Initially Iyer and her colleagues considered that the increase in crime might be due to a backlash effect; perhaps people were angry at seeing women in office and retaliated. But further research indicated that crimes against women probably weren’t increasing. For one, murder rates of women did not increase. (Murder is one crime that always tends to be reported, says Iyer. “It’s just very hard to hide a dead body.”) And neither gender-neutral crimes (such as robberies or arson), nor crimes in which the victims were identified as male, showed any notable increase.

So the observed increase was likely caused by a greater number of crimes being recorded, either because more women victims were willing to come forward to report crimes, or because the police were more likely to give them a sympathetic hearing because of the increase in women’s political representation.

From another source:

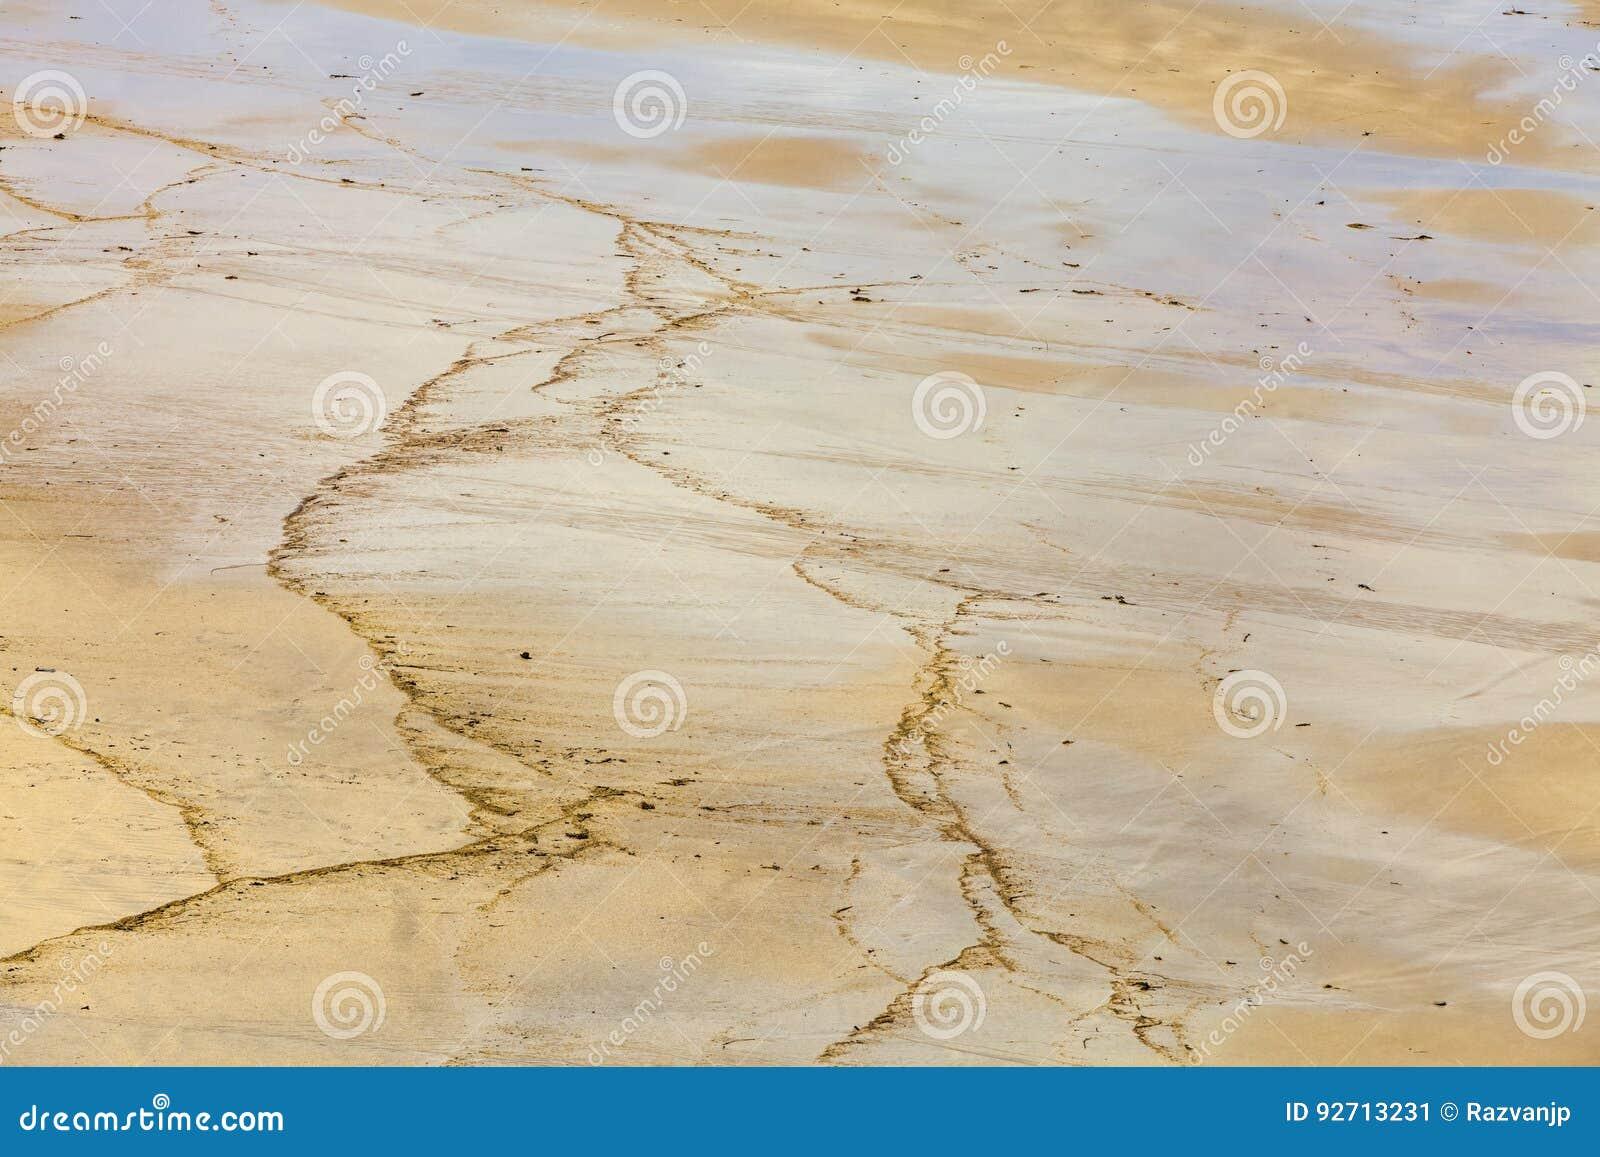 Detalle de la arena

The findings are interesting as basically village councils don’t have power to influence police.

In another survey that looked at people’s perceptions of the police, respondents said they believed that bringing a local influential person with them to report a crime would significantly increase the likelihood of a police response.

“When people were asked who is the leader you would most likely go to if you had a problem, most respondents said it would be a local village council member,” says Iyer. “It ties in with this idea that if you have a local leader who is from your social category, you are probably more likely to approach him or her for help.”

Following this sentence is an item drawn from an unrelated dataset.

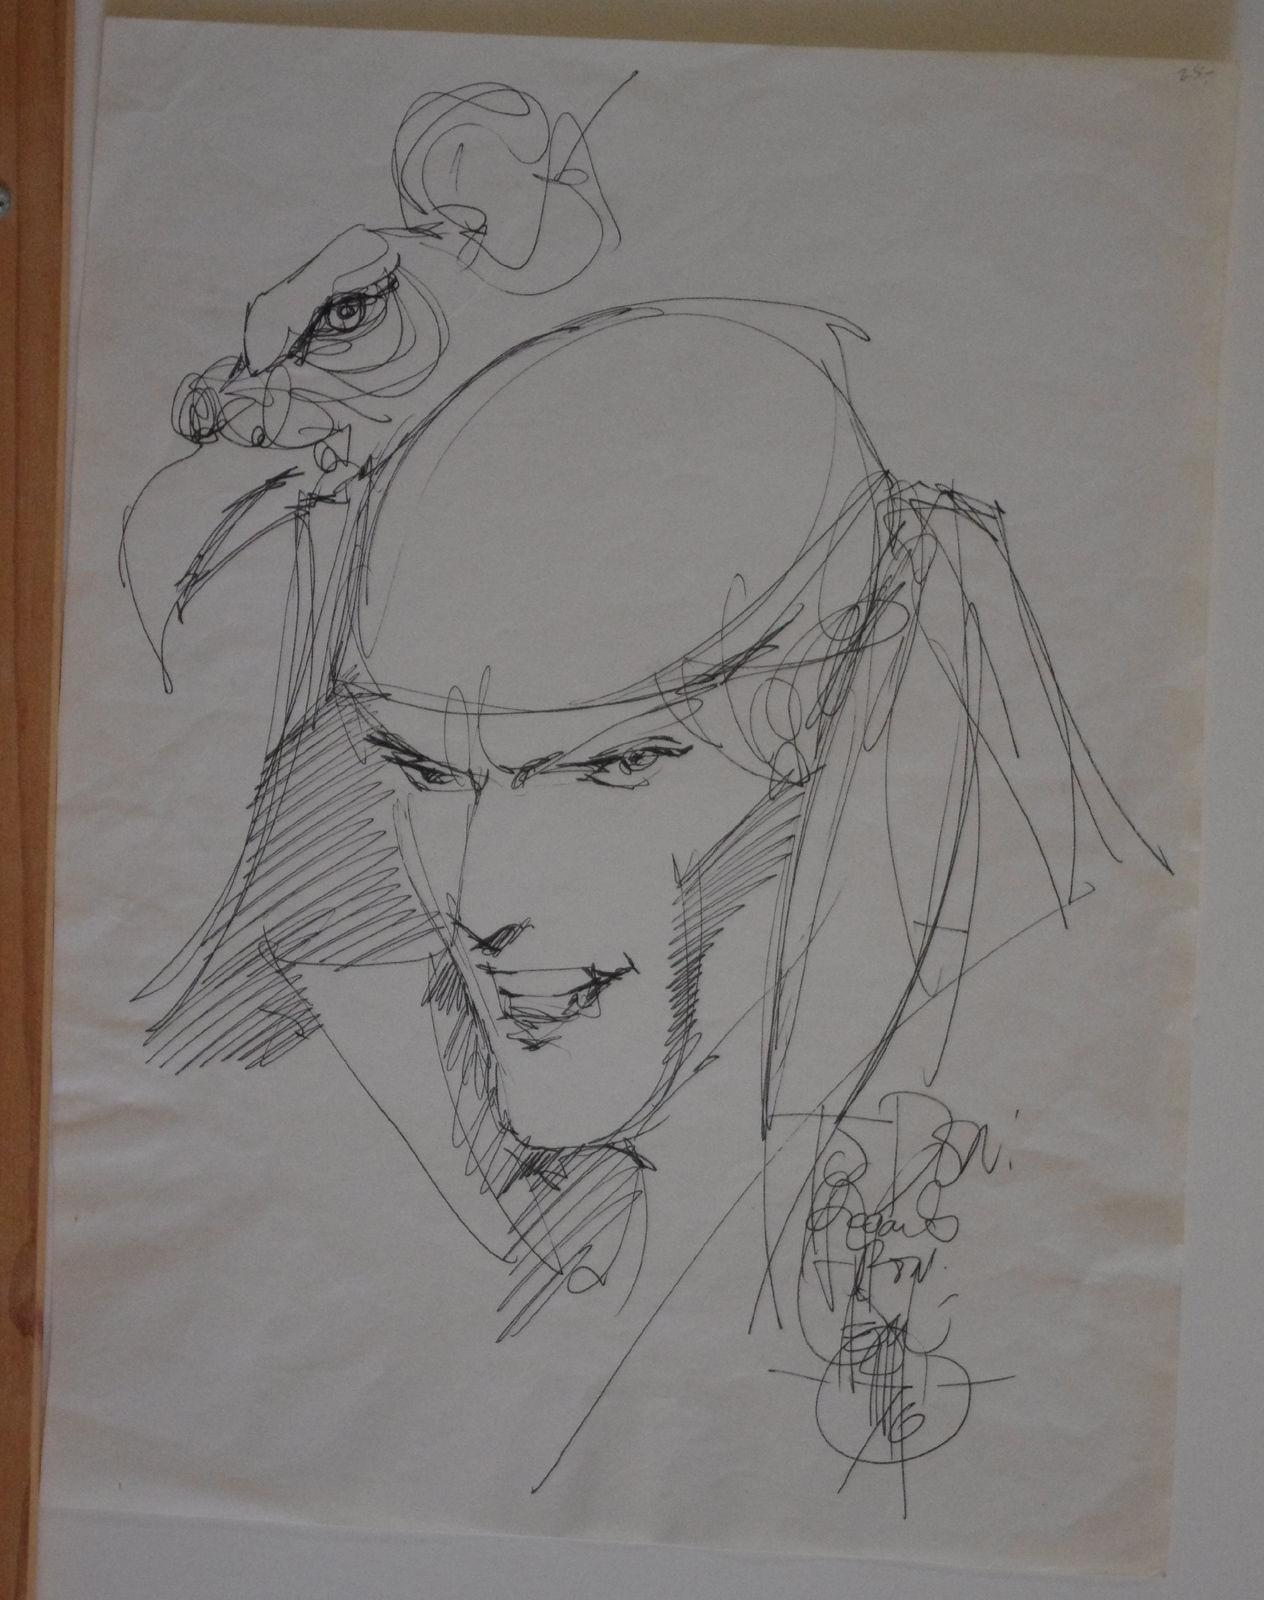 ALEX NINO Original art, Signed, GYPSY, Elektra like, 12x16, Sketch, 1976, lots more art in store

(Interestingly, local councils have no formal power over the police, who are under state government control. “There are no formal ways for them to punish a policeman if he refuses to help a crime victim,” Iyer says. “So the fact that we see these effects despite this lack of formal power is very interesting. It speaks to these more informal ways of influence.”)

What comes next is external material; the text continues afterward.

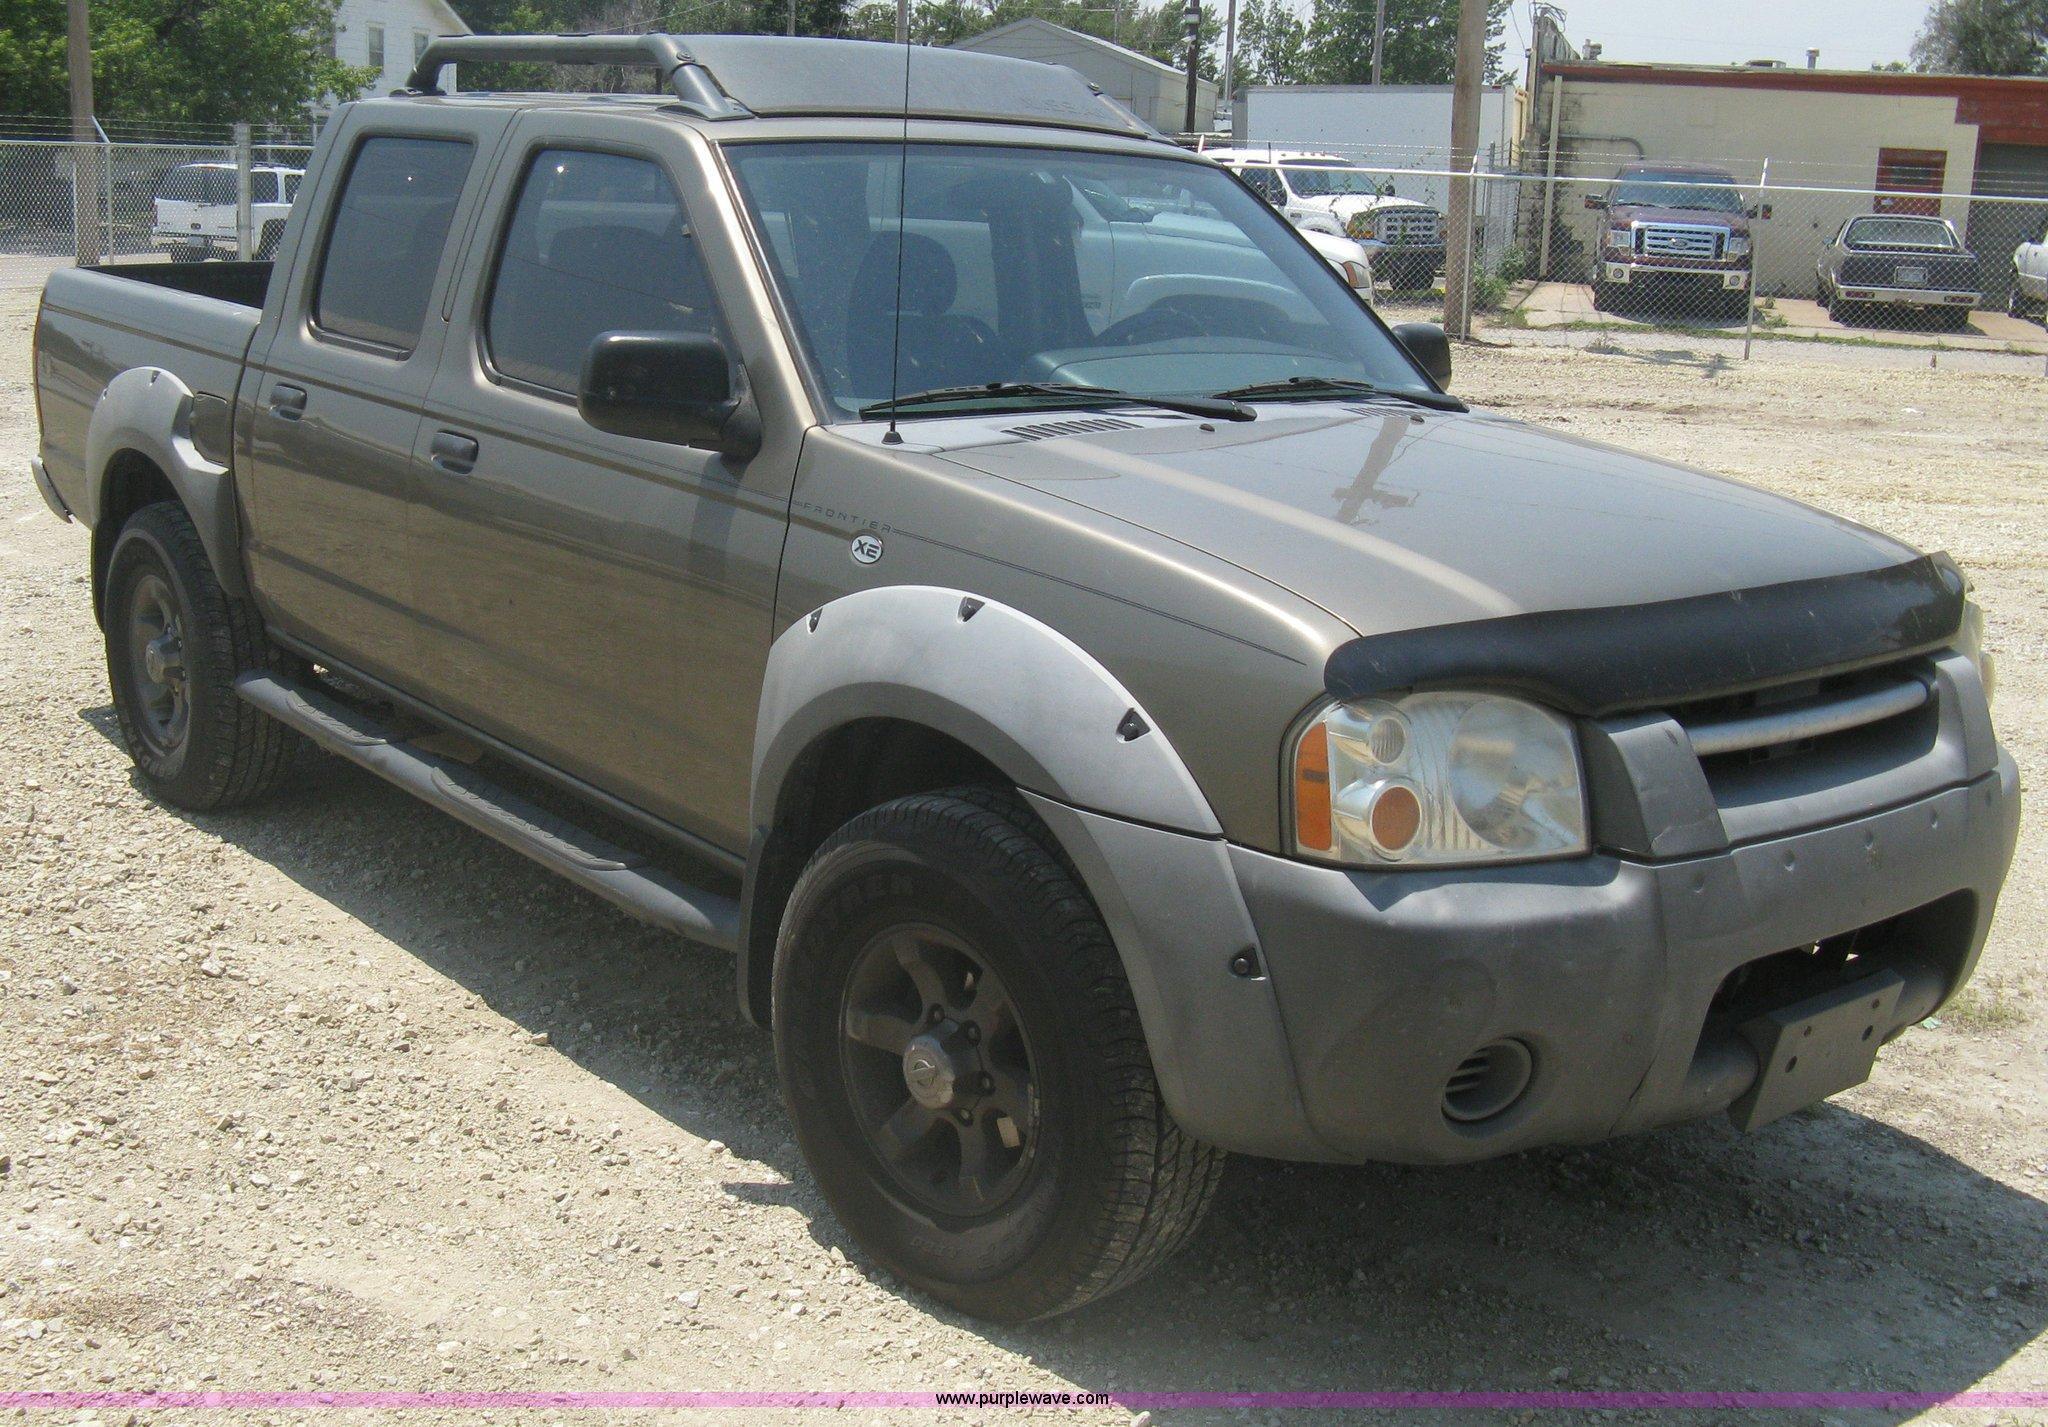 2001 Nissan Frontier Xe Crew Cab Pickup Truck

Similar results are seen for disadvantaged social class in India: the Scheduled Castes. Though weaker than the results seen in women. Finally:

Overall the findings suggest that women (or other minorities) might be better able to maximize their voice by increasing their representation more broadly, rather than targeting a few high-level positions.

Informal ways of influence are of great interest to Iyer, an economist who studies the intersection of politics and economics in developing countries, examining how distribution of power impacts policy and social groups.

“I don’t think we can understand the effects of economic policy without understanding the political setting,” she says. “We can propose any number of potentially useful policies, but unless you understand the political setting, there’s very little chance of them working.

Hmmm..Pretty much what others and this blog has been saying.

I am wondering how the results would hold for states? Look at Delhi for instance. It has a woman chief minister for 12 years now but has it improved for women? One keeps reading how bad things are in Nation’s capital in terms of women security. And then all these acts that lead to more women representation do not make sense as if a nation’s capital which houses all these women leaders is  not safe, what does one expect from others? Or can one say things would have been even worse if it did not have a woman CM? Are women in Delhi reporting more crime because of woman CM? It will be interesting to look at the above study from the state level perspective.

We also have UP which has a woman chief minister and now West Bengal and Tamil Nadu. Both TN and UP had the same women as CMs even earlier. Did their tenure help earlier? Do we have some hope from these now?

If the research shows it has not helped then these leaders need to be questioned. They are the best bet to improve things given the powers a CM has. Delhi experience clearly needs more explanation. It does not look good at all.